(Task goal): Below are entries with pictures among them; reproduce exactly, and only, the lines from the one containing "Kässbohrer PistenBully Patrocinio: PistenBully-Biathlonzentrum" down to the one containing "Super Santa Old", without the pictures.

(Data records):
◇ ◇ ◇ ◇

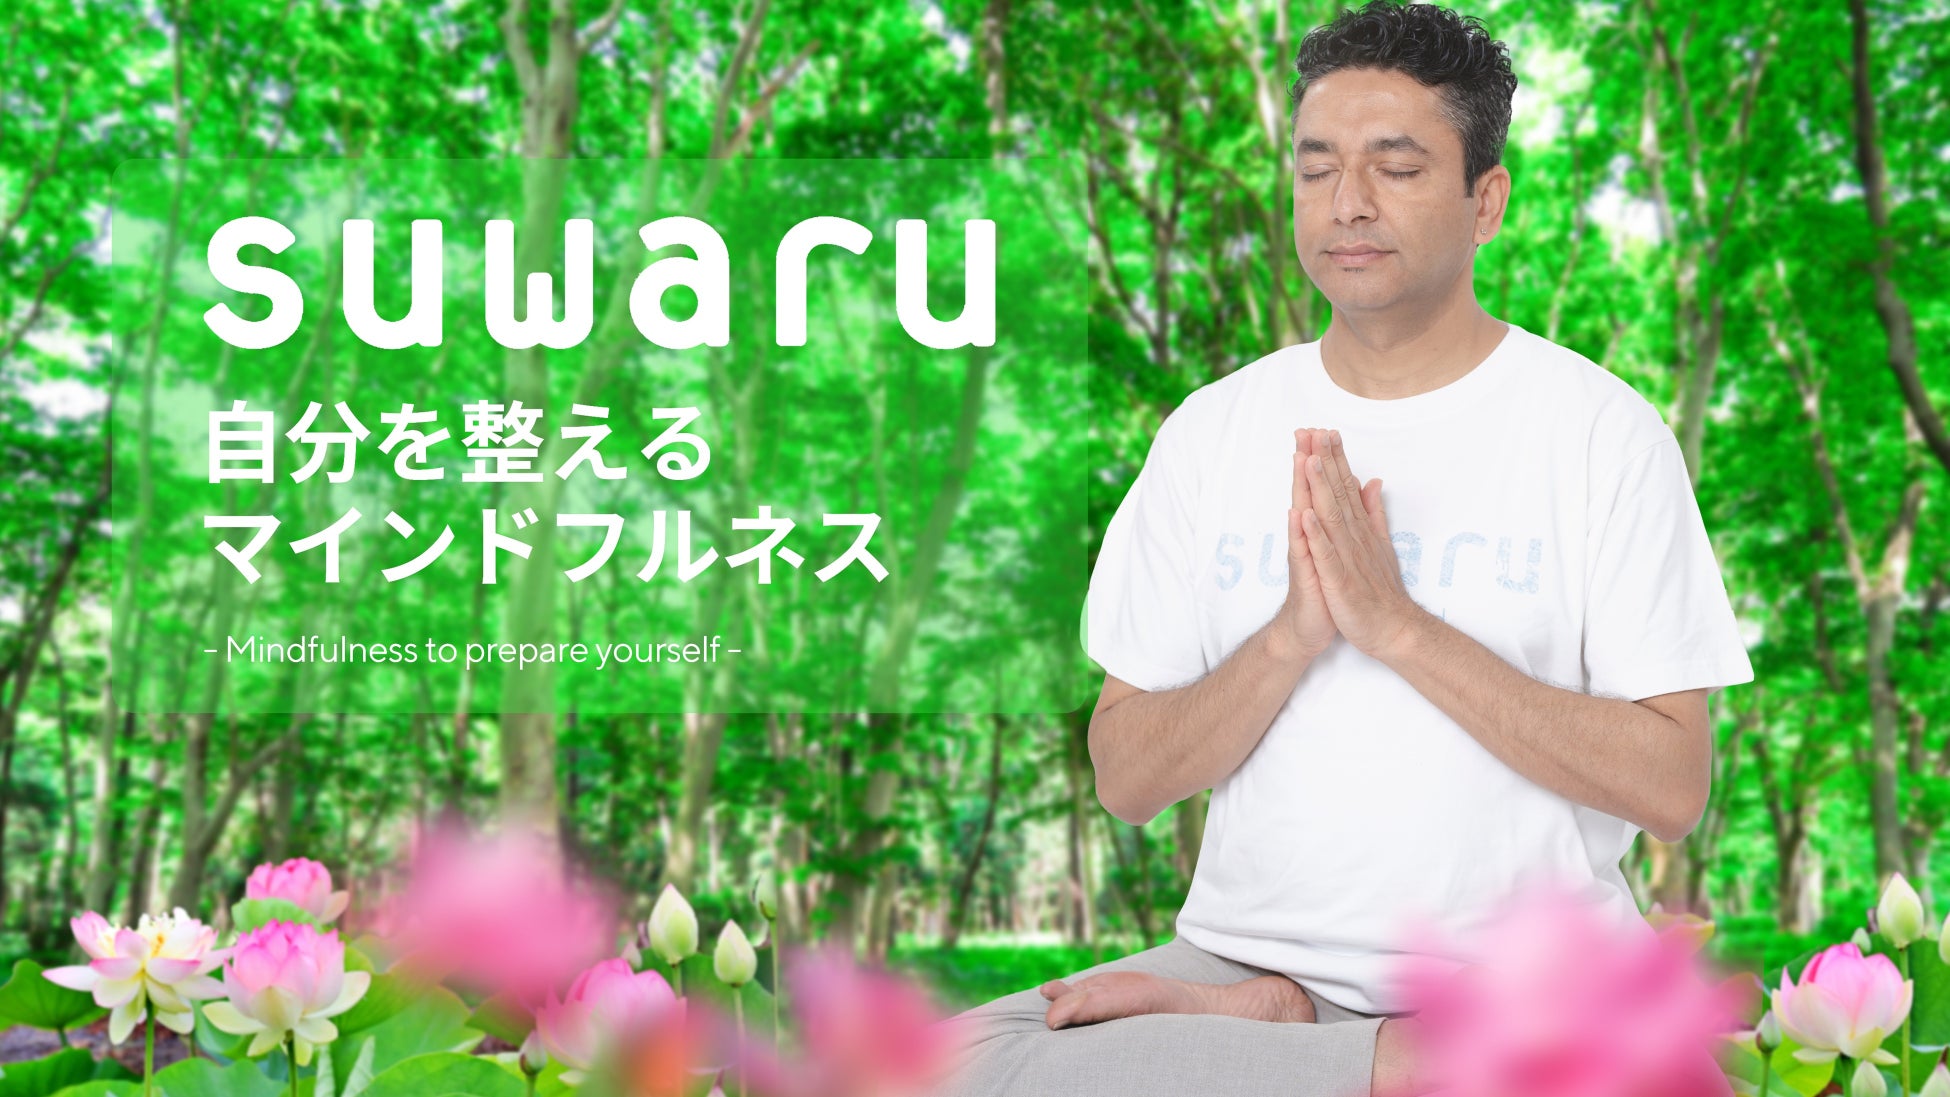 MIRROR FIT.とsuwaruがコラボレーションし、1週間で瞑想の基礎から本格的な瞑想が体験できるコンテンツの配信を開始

◇ ◇ ◇ ◇

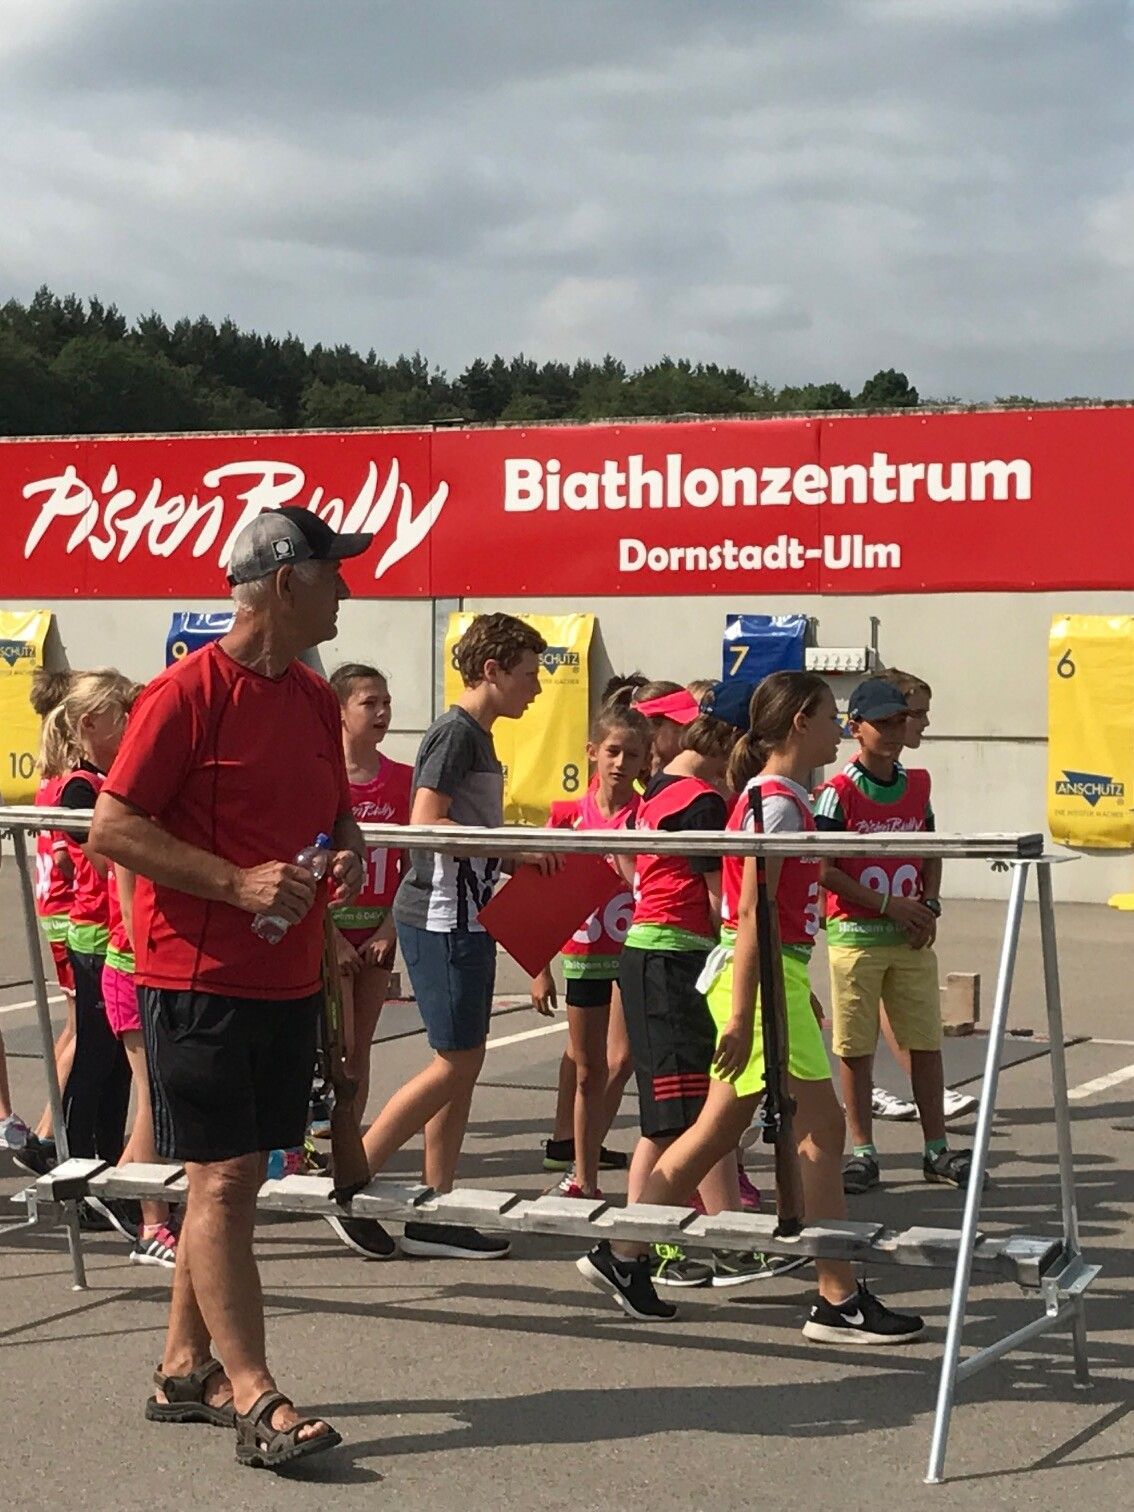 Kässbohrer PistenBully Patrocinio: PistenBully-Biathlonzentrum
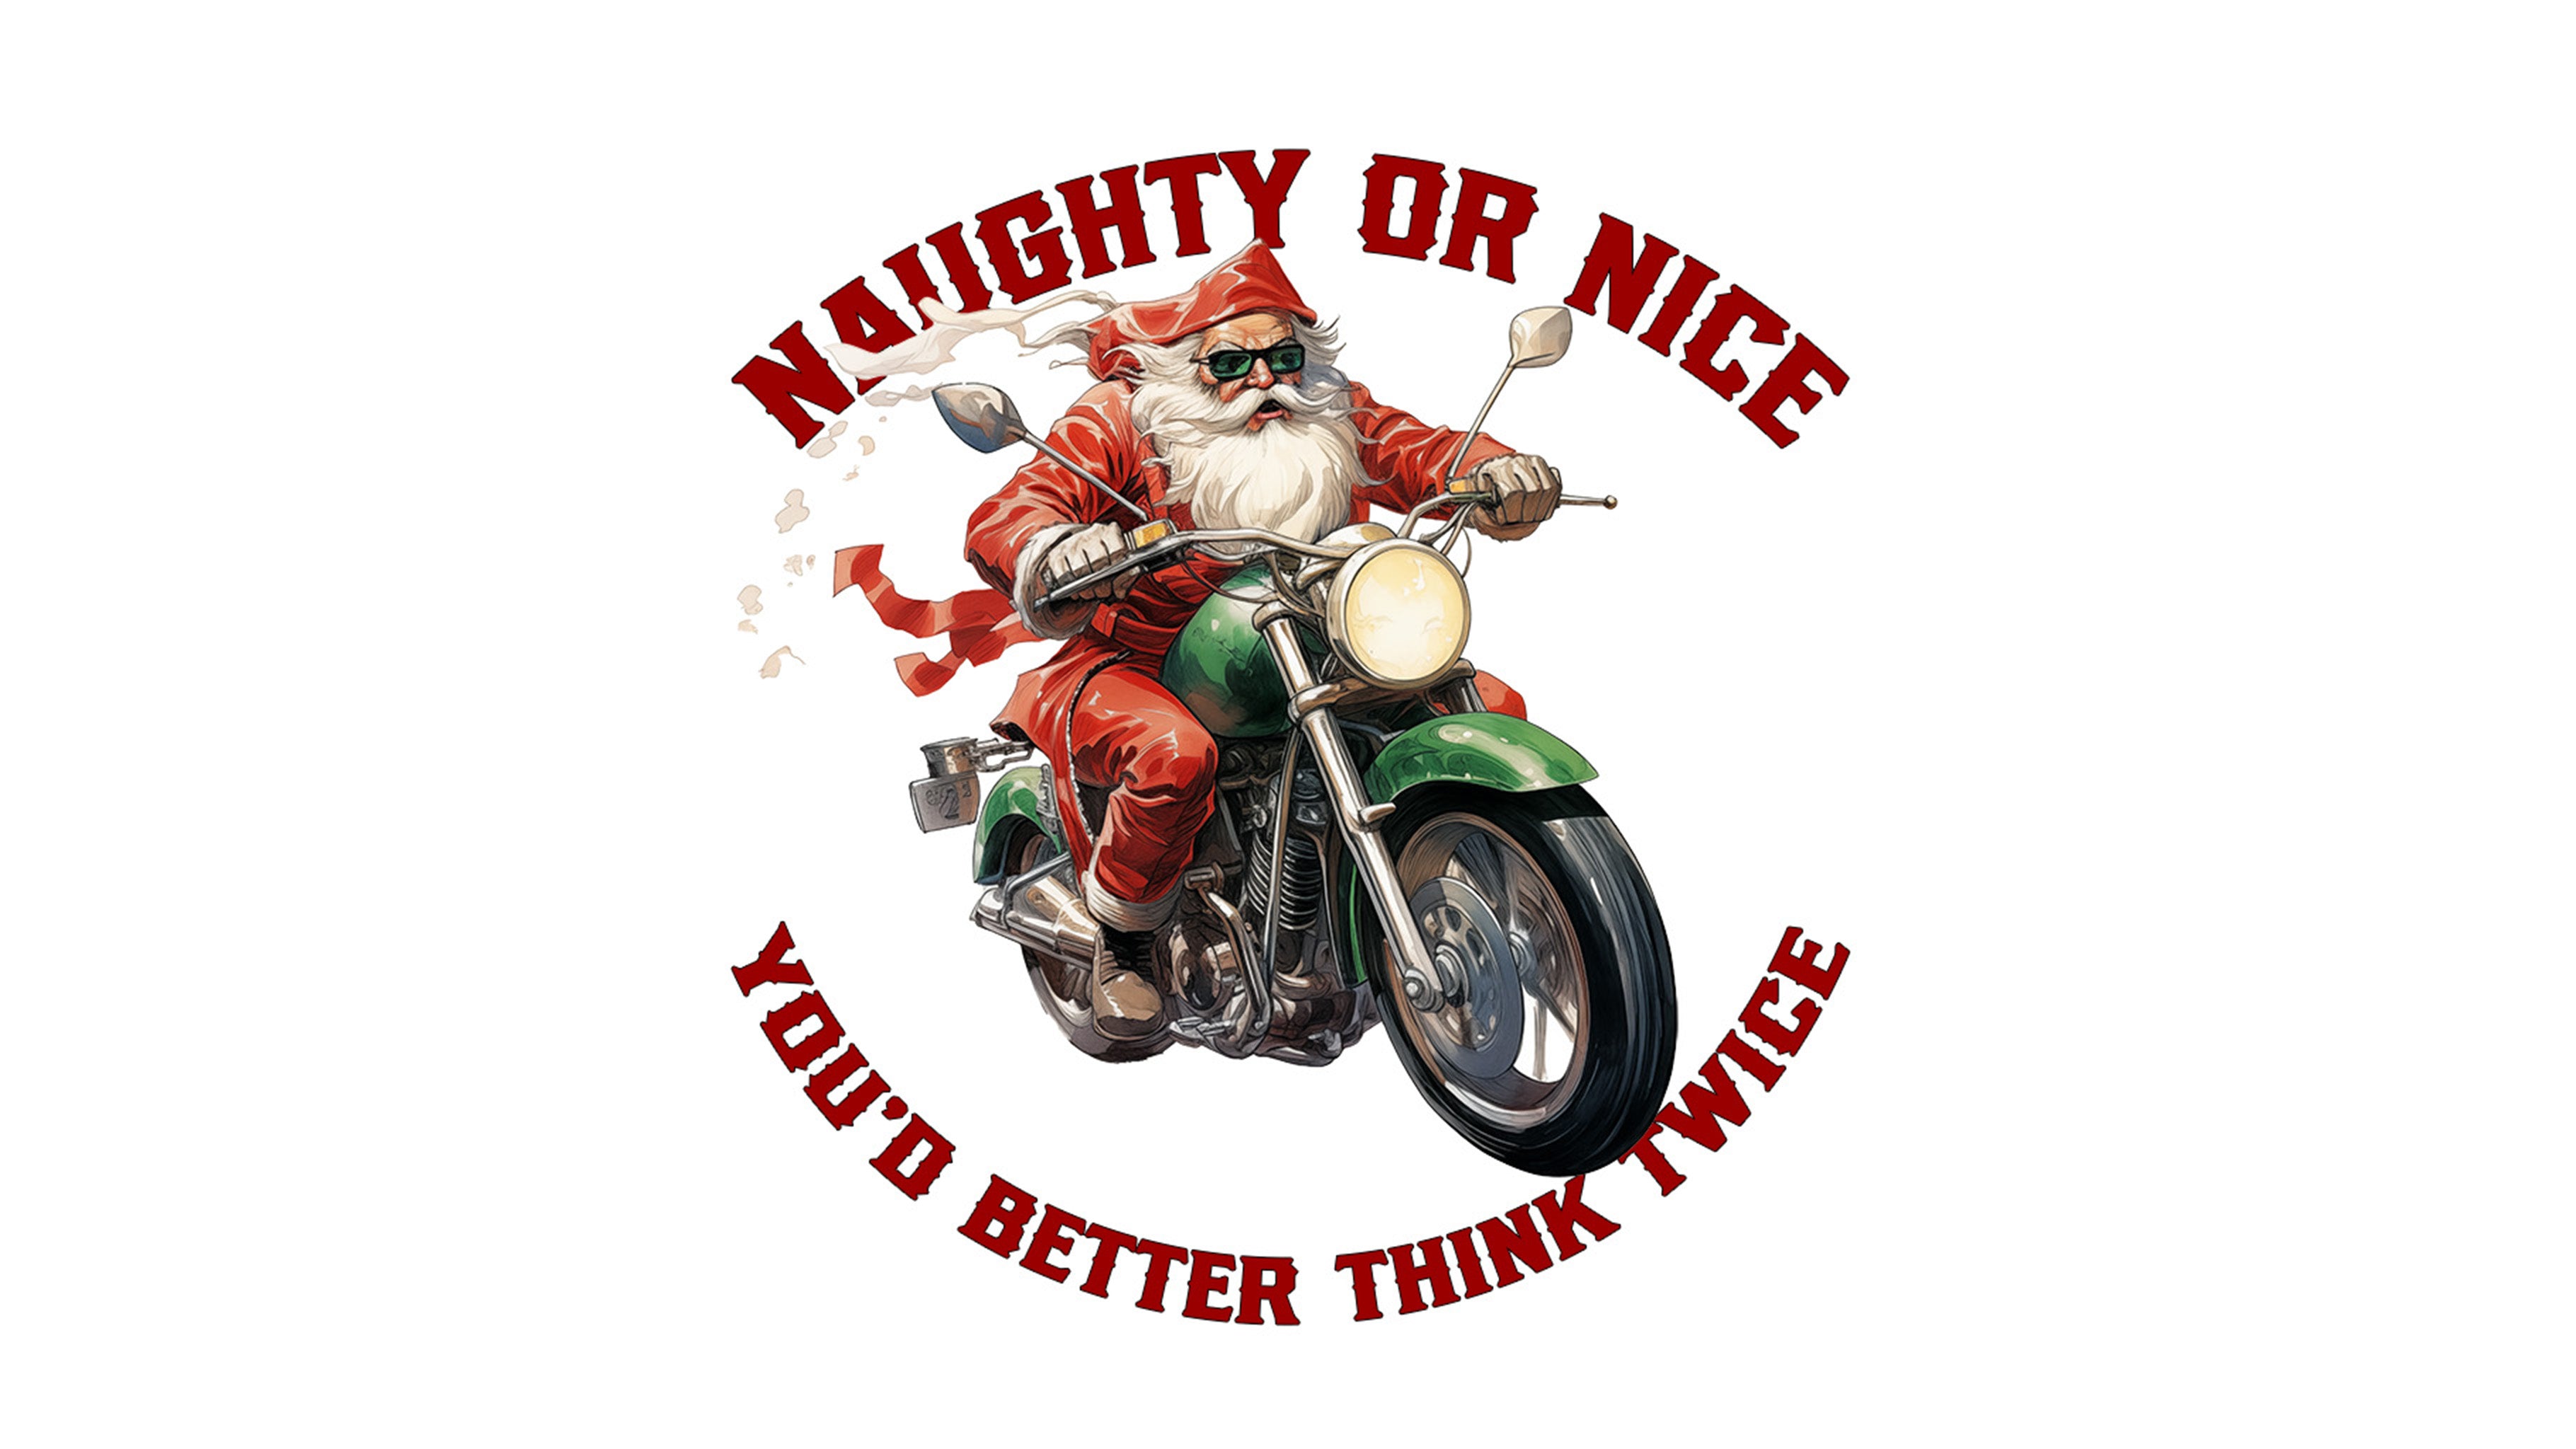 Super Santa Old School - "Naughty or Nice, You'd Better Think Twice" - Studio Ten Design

◇ ◇ ◇ ◇

(Task solution):
 Kässbohrer PistenBully Patrocinio: PistenBully-Biathlonzentrum
 Super Santa Old School - "Naughty or Nice, You'd Better Think Twice" - Studio Ten Design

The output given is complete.